What is a Neural Network?
A neural network, at its most basic level, can be thought of as a function that consists of an input, a transformation process, and an output. One helpful analogy for this is the Plinko game in The Price is Right. The game consists of a contestant dropping a chip at the top of a board which then bounces, seemingly randomly, through a field of pegs before landing in one of several slots.
What makes this analogy especially appropriate is that the relationship between the input (starting position of the chip) and the output (the slot at the bottom of the board) is completely obscured by the complexity of the pathway; there is no way to tell the exact path the chip will take based on the starting position.
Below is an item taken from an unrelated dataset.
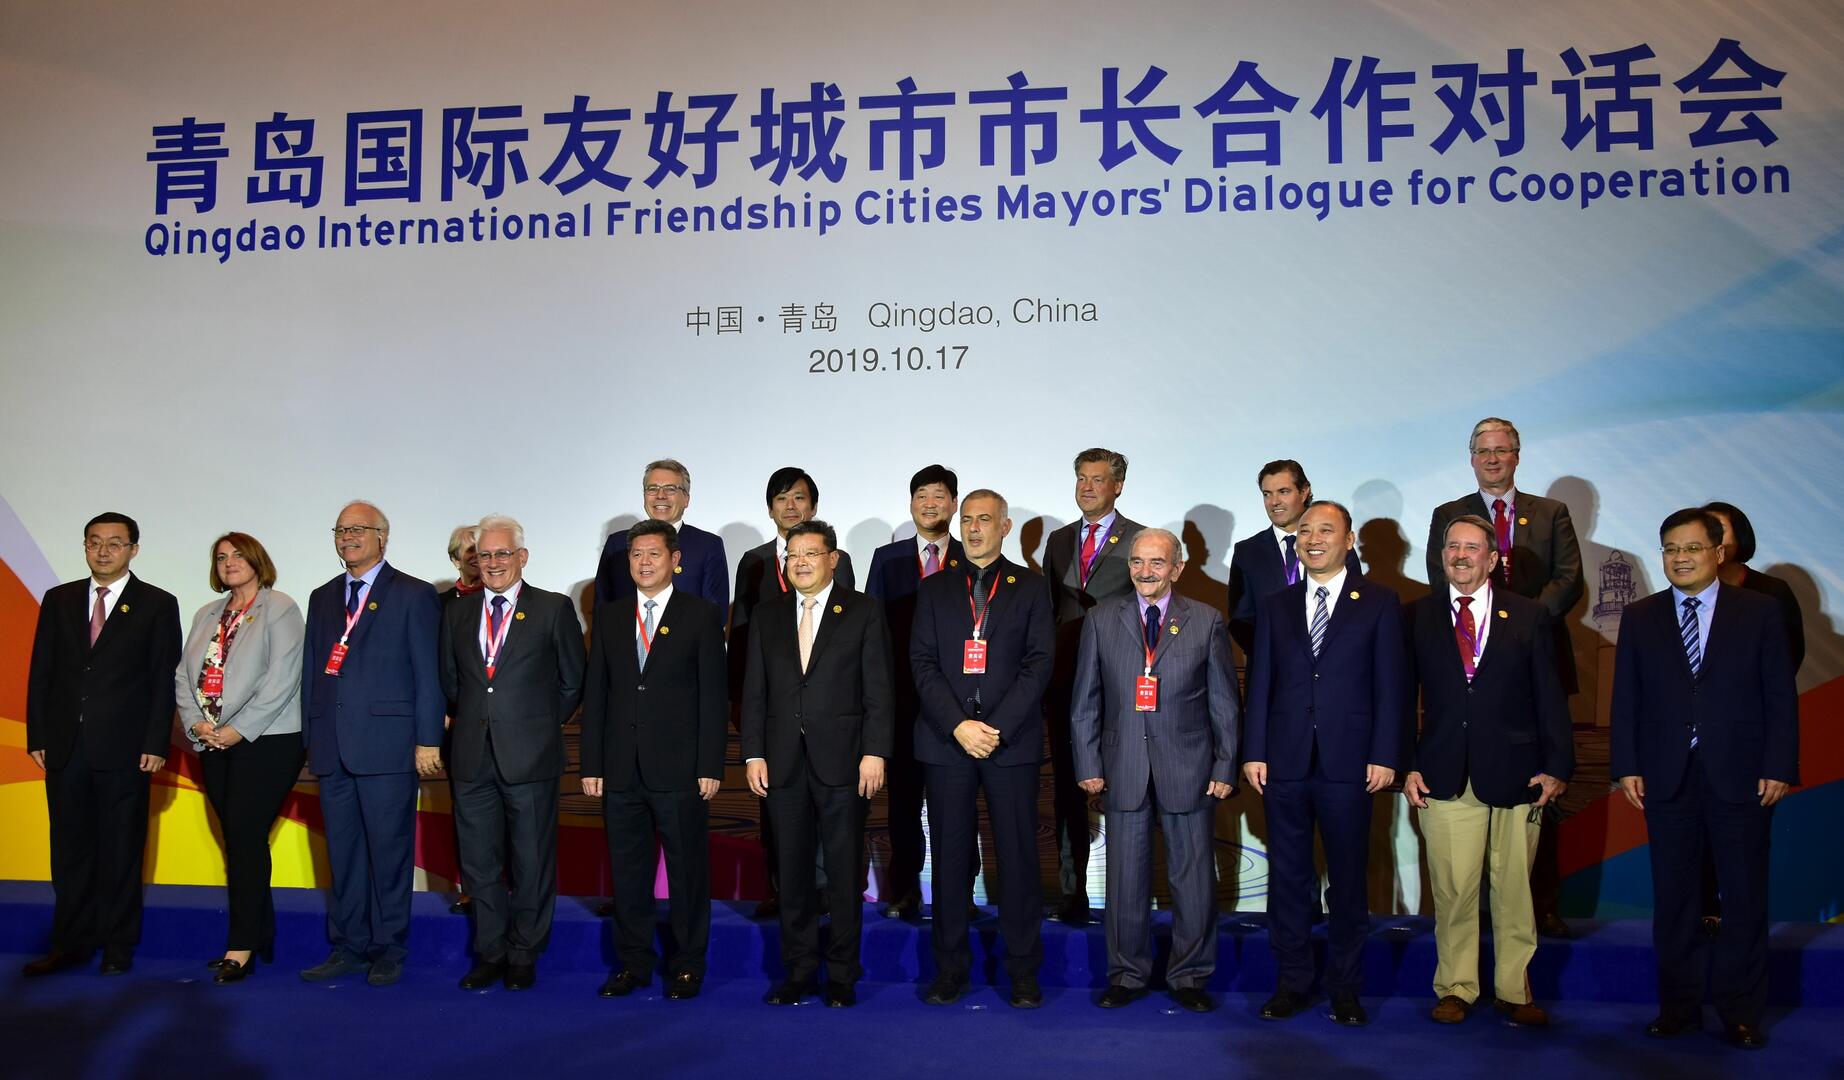 Städtepartnerschaft mit Qingdao gefeiert

This is what is typically meant when a neural network is referred to as a black box.
While a process that produces random outputs is useful in a game of chance, it is less useful when trying to utilize machines for decision-making. The power of neural networks comes through the training process. This consists of minor adjustments to the transformation process based on repeated evaluations of inputs. To continue the Plinko analogy, this could be thought of as allowing the contestants to move the pegs. After dropping chips potentially millions of times and looking at the output distribution, the contestant would be allowed to make slight changes to the location each of the pegs and repeat the process. If the overall total winnings increased then they would move each of the pegs further in the same direction. If the overall total winnings decreased they would move them in the opposite direction. This process, known as back propagation, is repeated over and over until an optimized peg configuration is found. The distance that the pegs are allowed to be moved each iteration is called the learning rate, the number of chips we use each time is called the batch size, and each training iteration is called an epoch.
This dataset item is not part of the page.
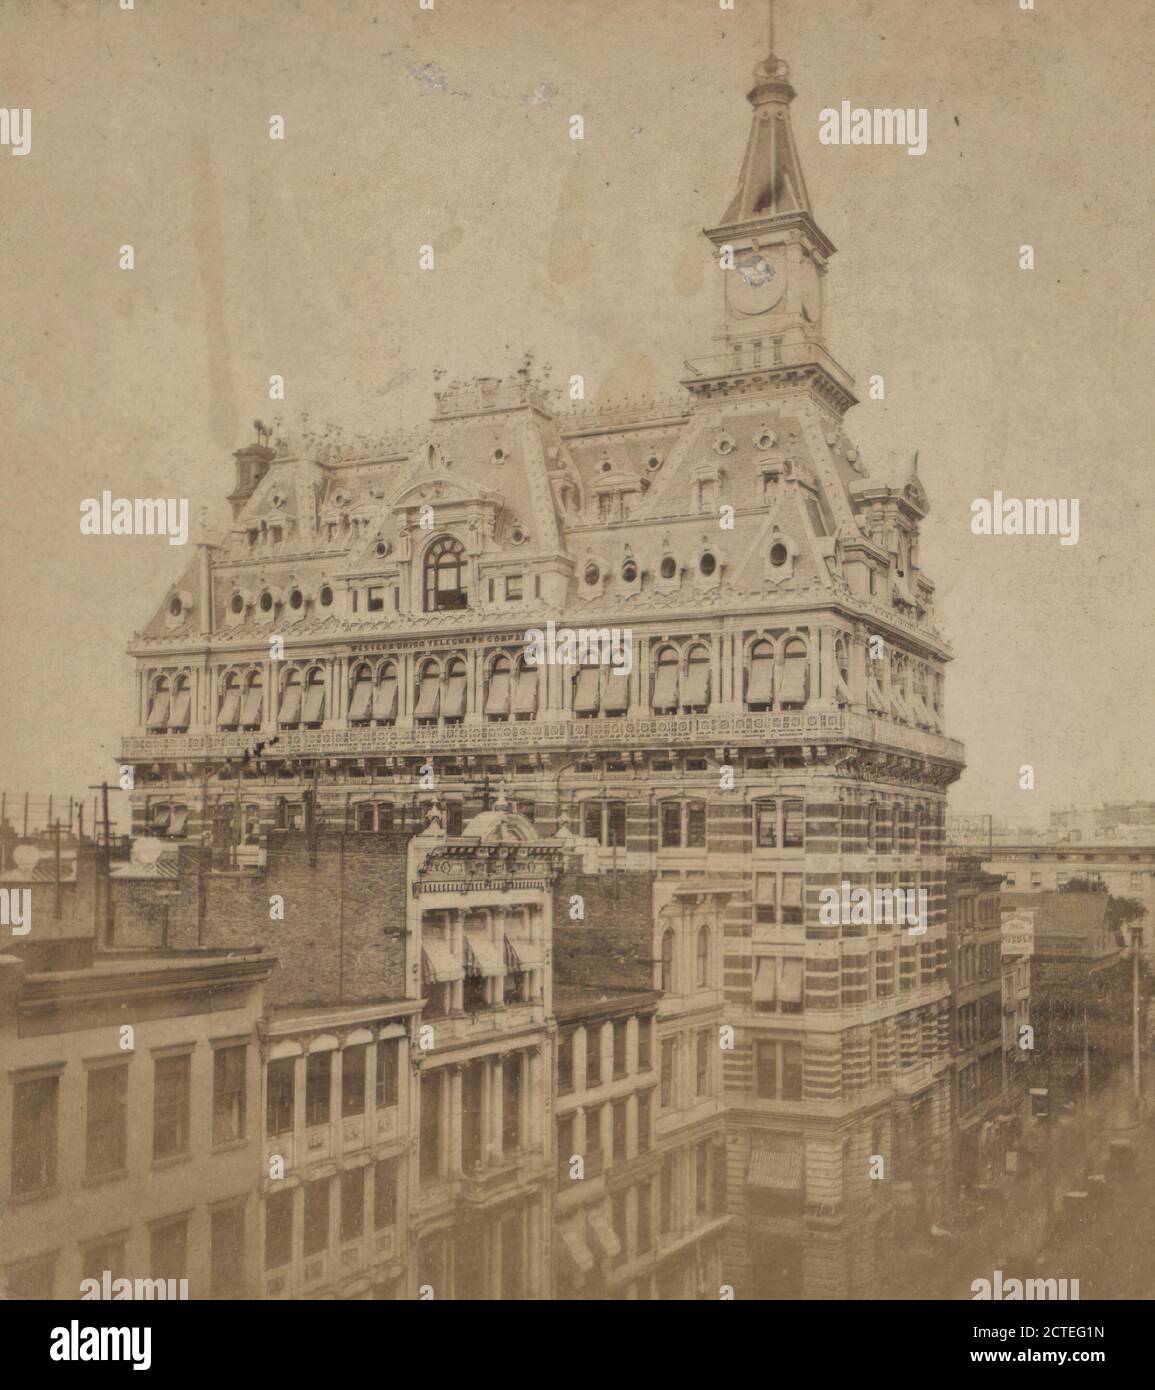 Panorama do Western Union Telegraph Office, em Nova York, c.1890s

While it would be tempting just to create channels with the pegs to force the outcome that you want, this is what is known in the machine-learning world as overfitting. Because the data that we train on (the starting position of the chips that we use to optimize the pegs) is rarely the exact positions that we would see when we are actually playing the game, we want to make sure that the final configuration works universally rather than just for the positions that we use to train. What we sacrifice in perfection with our training accuracy we will make up for with a generalized model that will be more successful over time in different situations.
Up to this point we have only discussed the transformation process as an abstract concept. What it actually consists of is a specified number of layers (rows of pegs) each with a specified size (numbers of pegs per row). The actual composition of these layers is determined during the training process with only generalized guidelines as to how many or how large they should be.
Continuing to describe neural networks in more detail is beyond the scope of this overview in part because the technicalities of their implementation extends beyond the Plinko analogy. However, it was a useful tool for describing the process of overall process works.